Discrimination parameters for all ten items fell within the very high range (0 = non discriminative; 0.01–0.34 = very low; 0.35–0.64 = low; 0.65–1.34 = moderate; 1.35–1.69 = high; > 1.70 = very high) between 1.87 (α item 5) and 5.19 (α item 4). The descending sequence of the items’ discrimination power (α) is 4, 6, 2, 3, 9, 10, 8, 7, 1 and 5 (see Table 4). Furthermore, the item difficulty parameters (β), demonstrated a considerable level of fluctuations between the different thresholds across the 10 items. Indicatively, for the first threshold the ascending item sequence of difficulty was 6, 10, 9, 8, 2, 4, 3, 1 and 5. Considering the fourth threshold, this alternated to 3, 4, 10, 9, 1, 6, 7, 5, 8 and 2. Nevertheless, the threshold difficulty parameters progressively increased between the first and the last threshold across all items (see Table 4 and Fig. 3). Conclusively, IRT analyses indicated that: (i) while increasing item scores correctly described increasing levels of BA behaviours across all items, the rate of increment is different across the items, and (ii) different thresholds perform differently across items considering their level of difficulty.
Considering the items’ reliability across the different levels of the latent trait, controlling concurrently for the different levels of items’ difficulty, meaningful variations were confirmed. Indicatively, the IIF of item 4 provided the highest level of information/reliability in the ranges between 2 and 1 and a half SD below and above the mean and the area around half SD below and above the mean. The IIFs of items 2, 6, 9 and 10 showed better performance in the range between 2 SDs above and below the mean (although with some variability of less than 1 point). Items 1 and 5 showed a rather low and undifferentiated level of reliability in the area between minus 3 SDs below the mean and 2 SDs above the mean with significant drop for behaviours exceeding 2 SDs above the mean. Finally, item 7 showed average reliability for the area between 2 SDs above and below the mean and significant drop for score around 3 SDs above or below the mean (see Fig. 4).
The performance of the scale as whole is visualized by the Test Characteristic Curve (TCC) and the Test Information Function (TIF). The TCC graph illustrates that the trait of BA inclined steeply, as the total score reported increased (from 4 to 49; see Fig. 5). Considering the information provided by the scale, improved information (TIF) scores were around 2 SDs below the mean, up to about 2 SDs above the mean (see Fig. 5).
These results suggest that the scale (as a whole) provides a sufficient and reliable psychometric measure for assessing individuals with high and low levels of the BA behaviours in the range between 2 SDs below and above the mean. Nevertheless, it may not be an ideal measure for extremely low and high BA in the areas around 3 SDs above and below the mean. The BA behaviour at the levels of 2 SDs below and above the mean trait level correspond with raw scores of 4 and 39 respectively, and based on these, they could be suggested as conditional (before clinical assessment confirmation) diagnostic cut-off points.

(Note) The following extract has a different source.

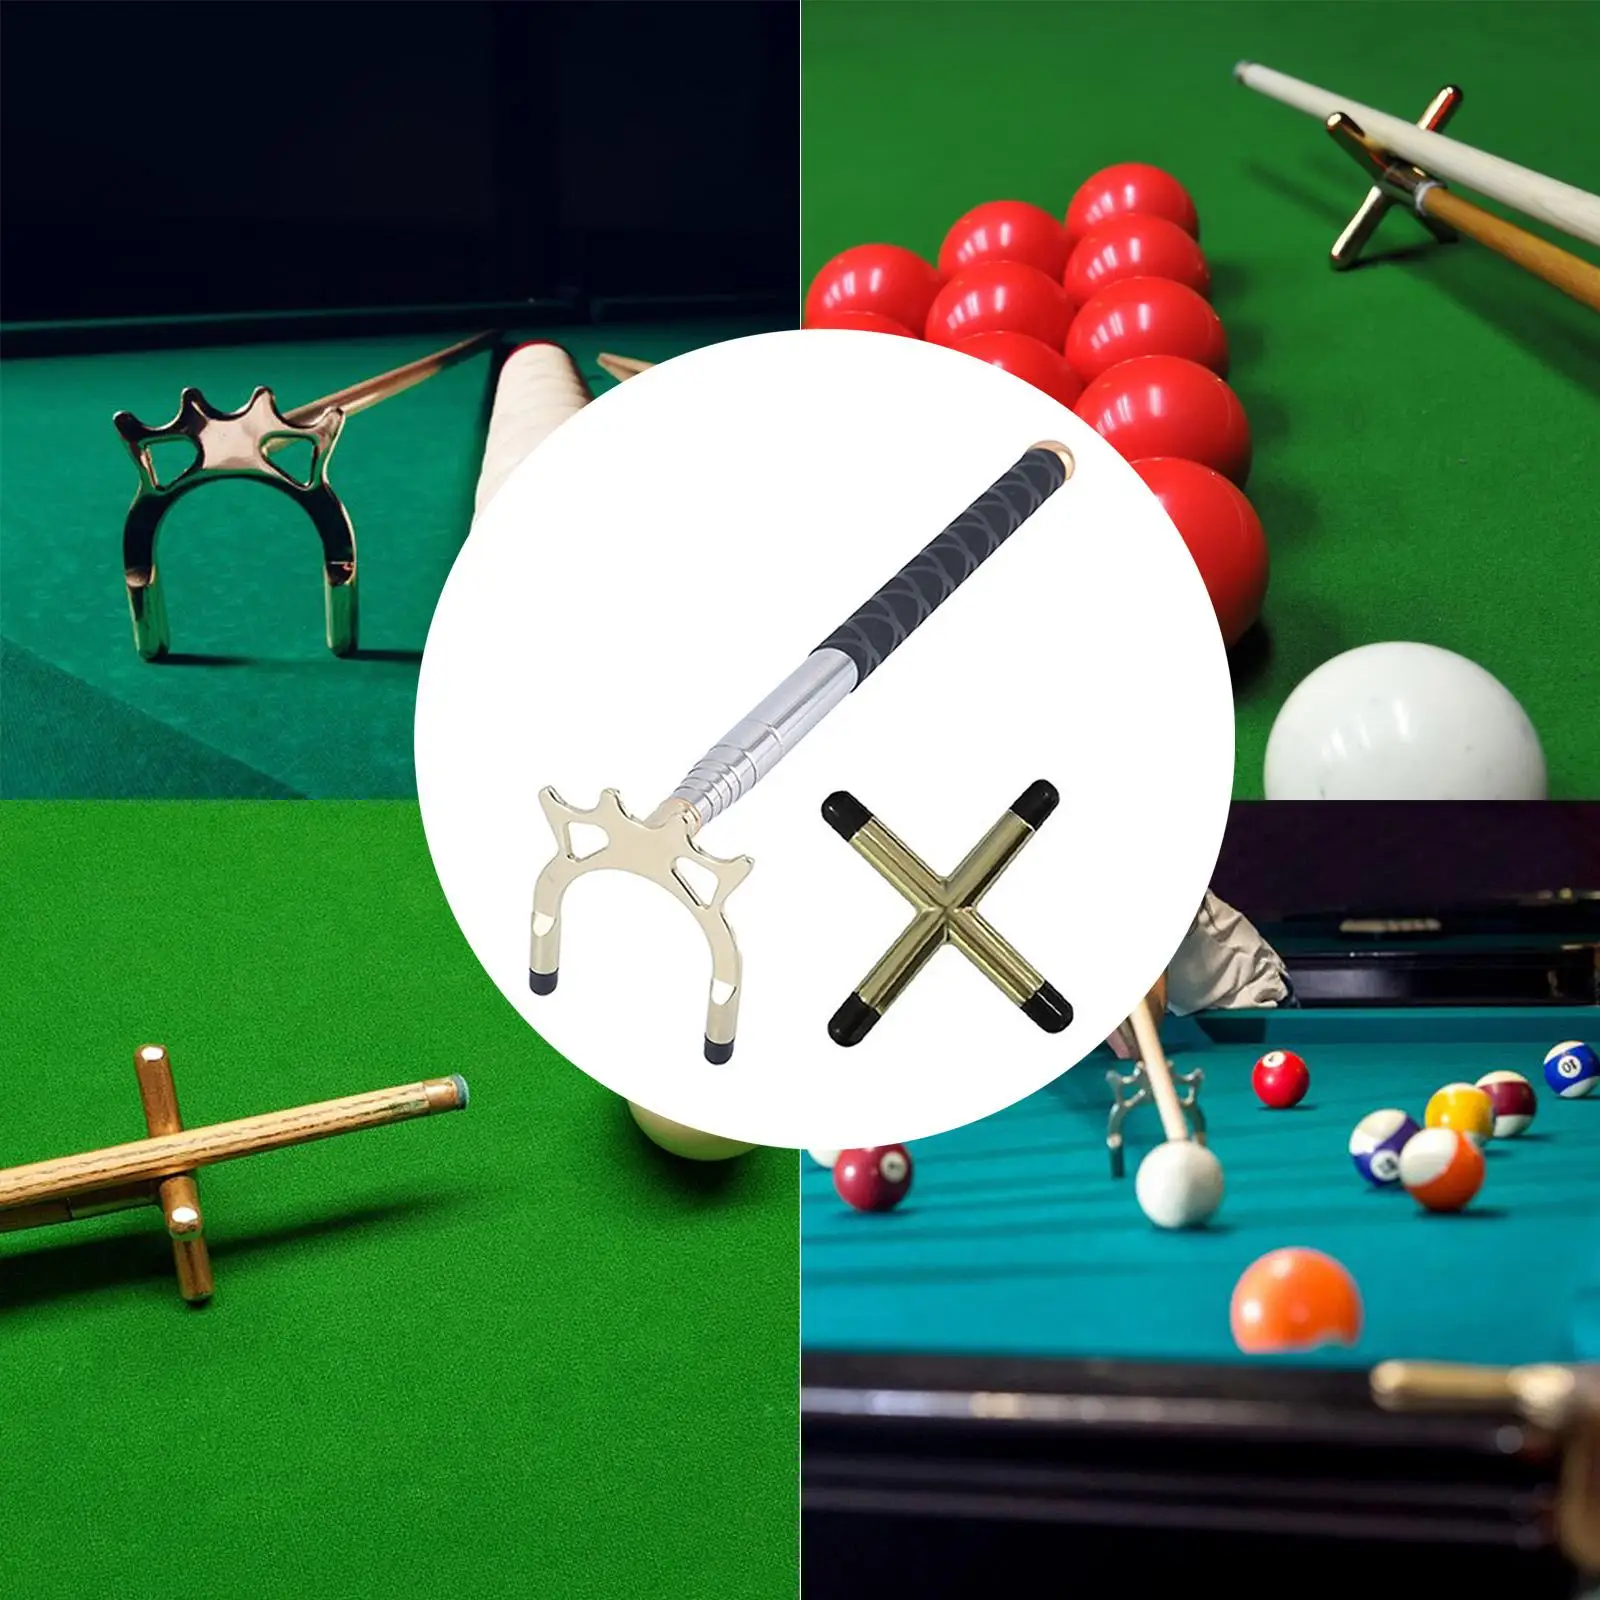 Durable Billiards Pool Cue Bridge Stick with Bridge Head Retractable Stainless Steel Replacement for Playing Pool Table Snooker
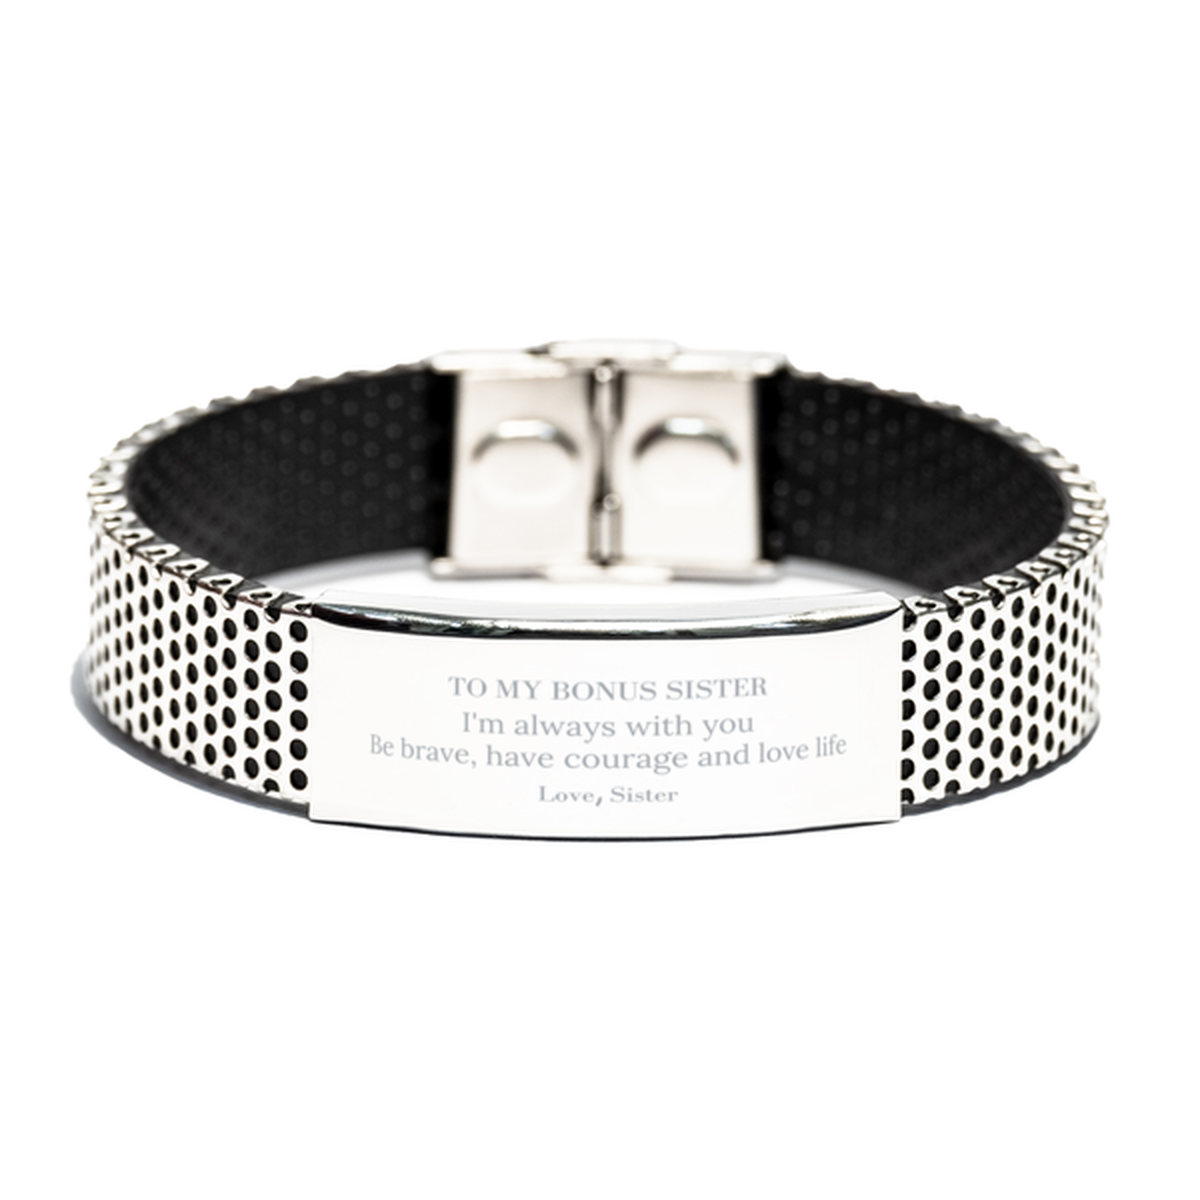 To My Bonus Sister Gifts from Sister, Unique Stainless Steel Bracelet Inspirational Christmas Birthday Graduation Gifts for Bonus Sister I'm always with you. Be brave, have courage and love life. Love, Sister

Considering DIF of BAS-2 across men and women, sources of non-invariance at the item level were detected. DIF statistics were observed (Table 5) for all items with significant discrepancies (p = 0.05) in items 1 and 9 across men and women including all parameters (χ2), items 3 and 9 including only discrimination (χ2a), and item 1 including only difficulty (χ2cja). Following past recommendations , we anchored invariant items and calculated DIF statistics with only non-invariant items to avoid increasing type I error. As observed in Table 5, non-invariance was observed for both items (1 and 9) including all parameters, with a significant difference including only discrimination (p = 0.01) in item 9, and a significant difference including only difficulty (p = 0.01) in item 1. That is, endorsing categories in item 1 requires lower levels of BA in women. Figure 6 offers a visual representation of this relationship. For example, in item 1 men with 1 SD below the mean are more likely to endorse category 1 (seldom) than women with 1 SD below the mean. Similarly, women with 1 SD above the mean are more likely to endorse category 4 (always) compared to men. In item 9 however, significantly different discrimination (α) indicates that women with 2 SD below the mean are more likely to endorse category 0 (never) compared to men, and this relationship is reversed as levels of BA increase (i.e., women with 2 SD above the mean are more likely to endorse category 4 [always] compared to men).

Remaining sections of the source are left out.